Note: the PCEHR Review contains recommendations only, the government’s response to the review is said to be several months away.
This blog will focus on the discussing the Summary of Panel’s Recommendations. There are 38 points, I will only explore the points of particular relevance or interest.
Recommendation 1: Rename the Personally Controlled Electronic Health Record (PCEHR) to My Health Record (MyHR).
I like the new name because it’s easier to remember. The report states this name will better reflect the partnership between the clinician and the patient… again I will say I like the name because it’s easier to remember.
In this blog I will continue to refer to the Personally Controlled Electronic Health Records as PCEHR as the name change is a recommendation only.
Recommendations 2-12 are related to the establishment various committees…a Clinical and Technical Advisory Committee, a Jurisdictional Advisory Committee, a Consumer Advisory Committee, a Privacy and Security Committee a transition taskforce, a clinical systems capability group…..
Committees can be useful but we will move forward to something a bit more interesting.
Recommendation 13: Transition to an ‘opt-out’ model for all Australians on their MyHR [PREHR] to be effective from a target date of 1st January 2015.
This is a change from an opt-in model (current) to an opt-out model i.e. everyone gets a record unless they opt out.

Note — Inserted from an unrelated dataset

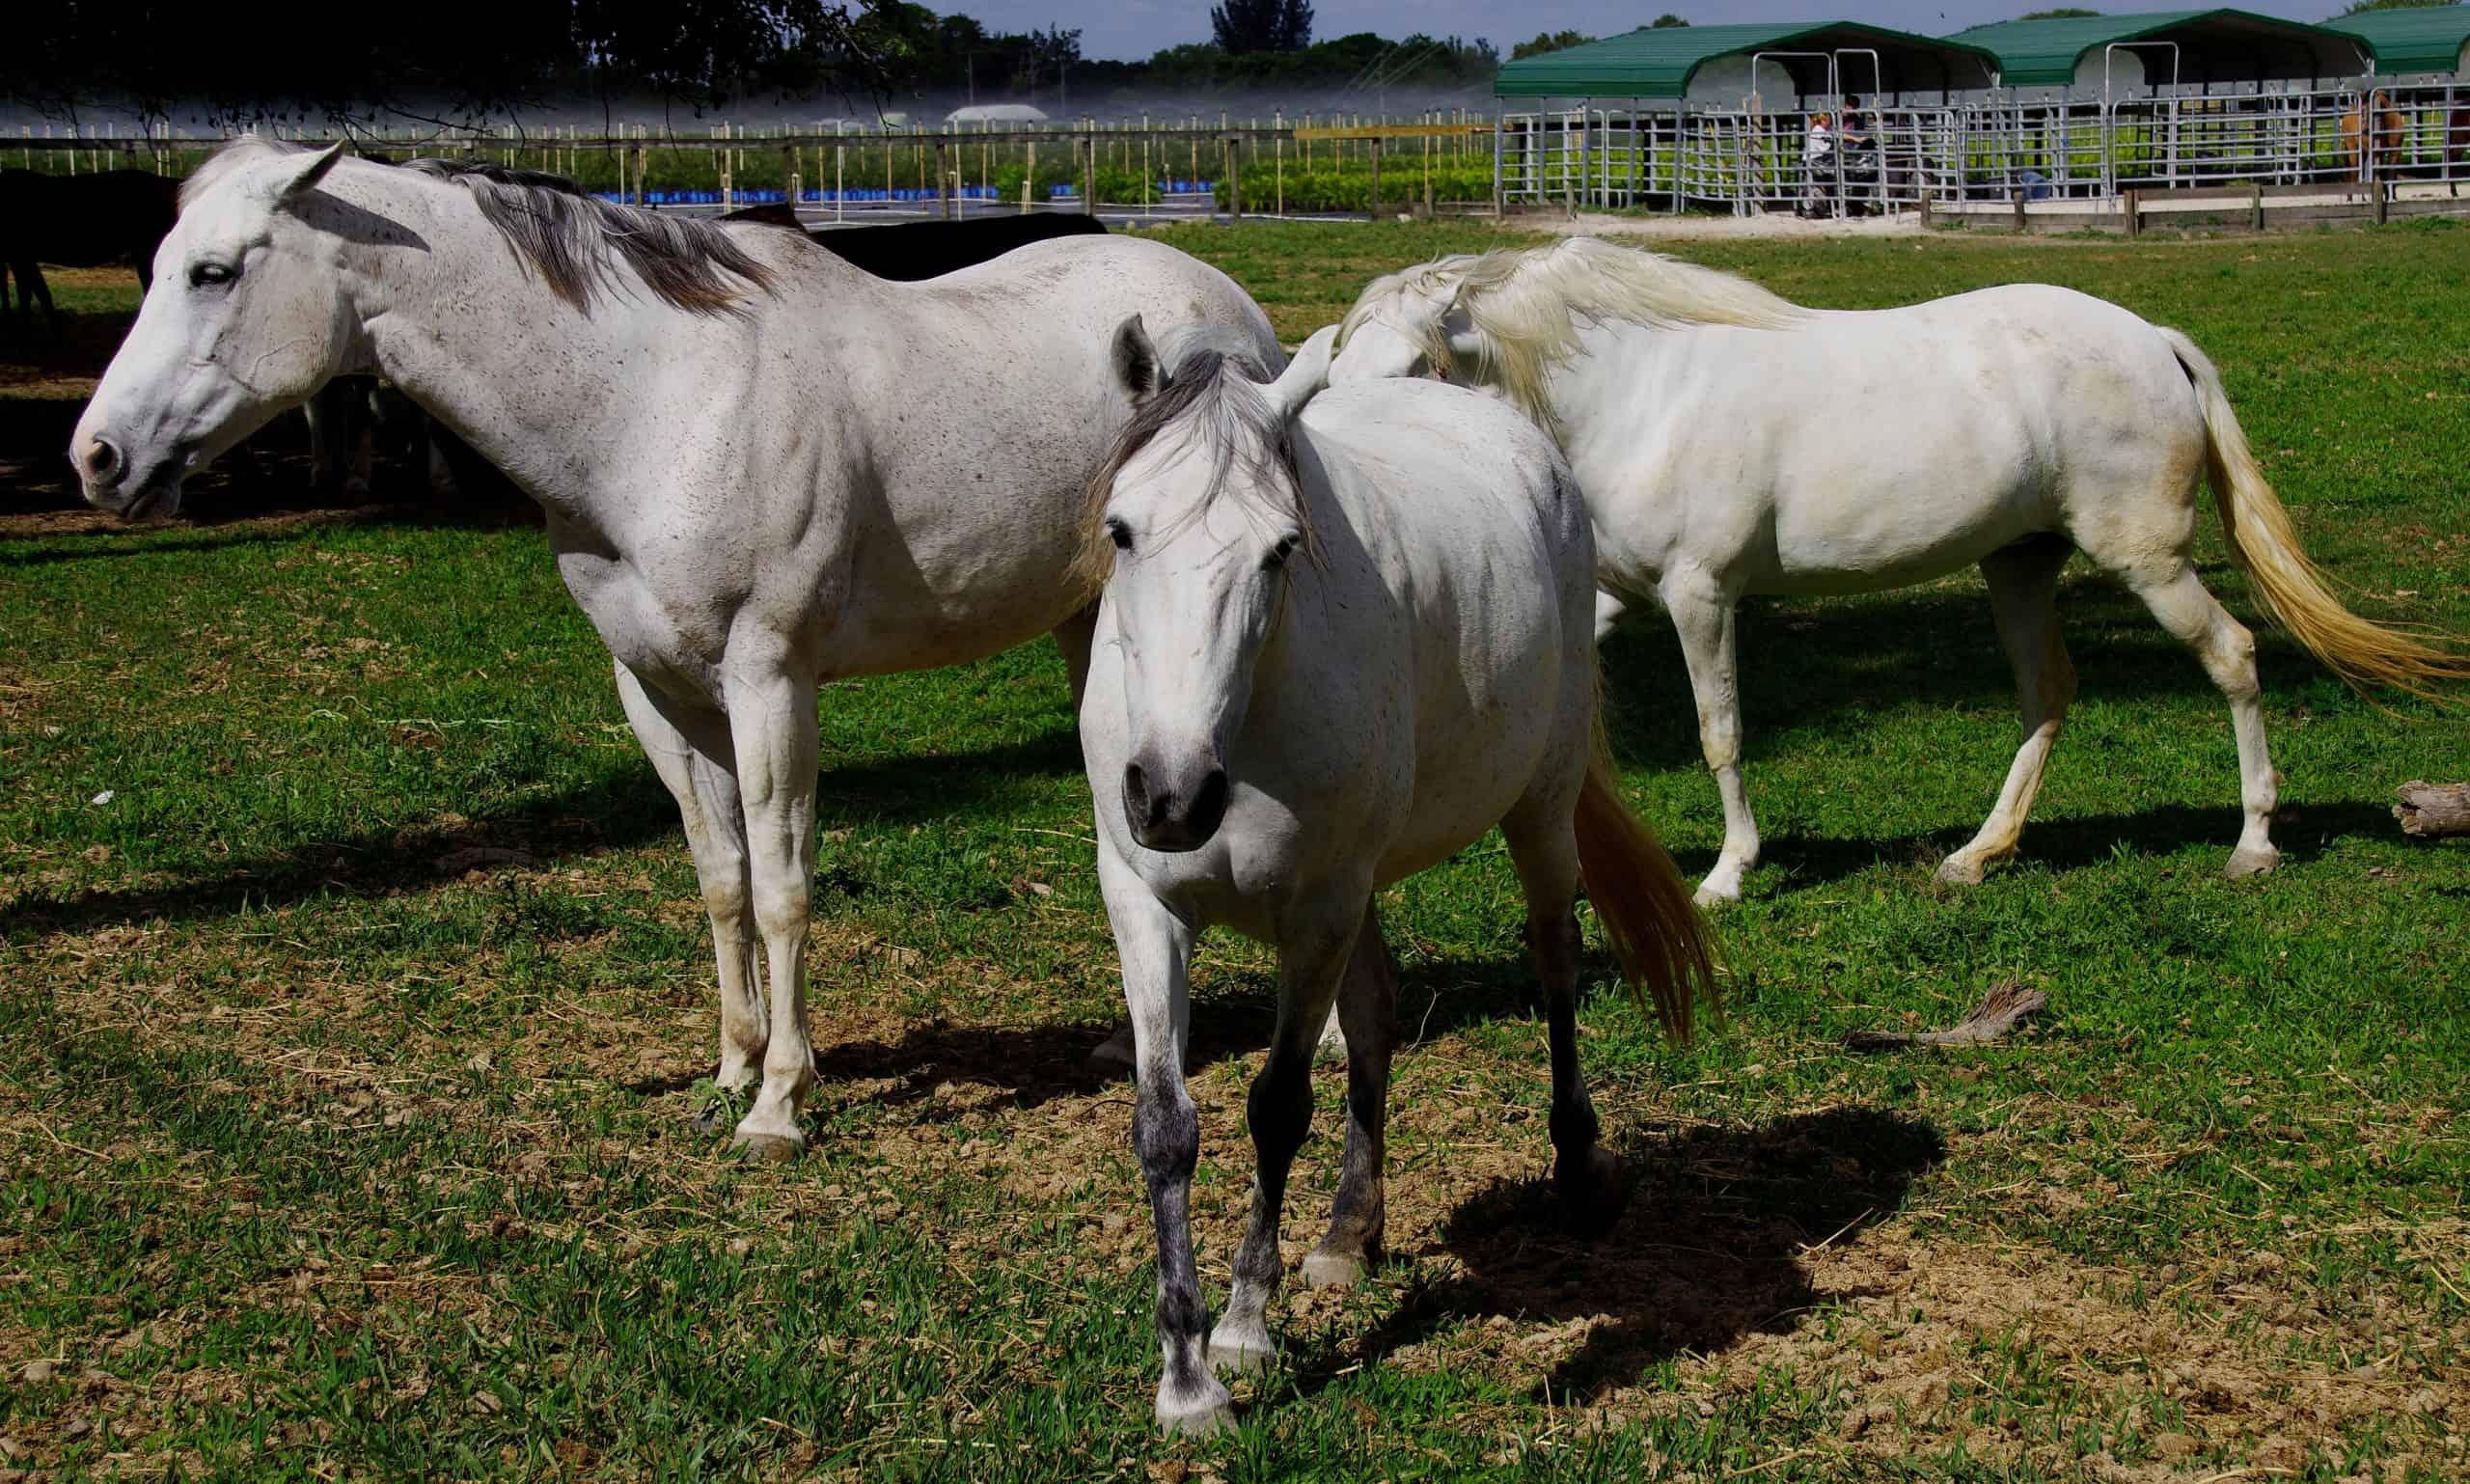 Three white horses at rescue shelter

This is a positive step forward. The suggested date of transitioning is the 1st January 2015. So very soon…but as previously said these are recommendations only, not plans of action. It will be interesting to see whether this goal date is achieved, especially considering the government’s response is still ages away…
A opt out system will obviously improve the uptake of PCEHR by the general population. I am not sure whether it will affect its usage by healthcare providers or their perception of the system.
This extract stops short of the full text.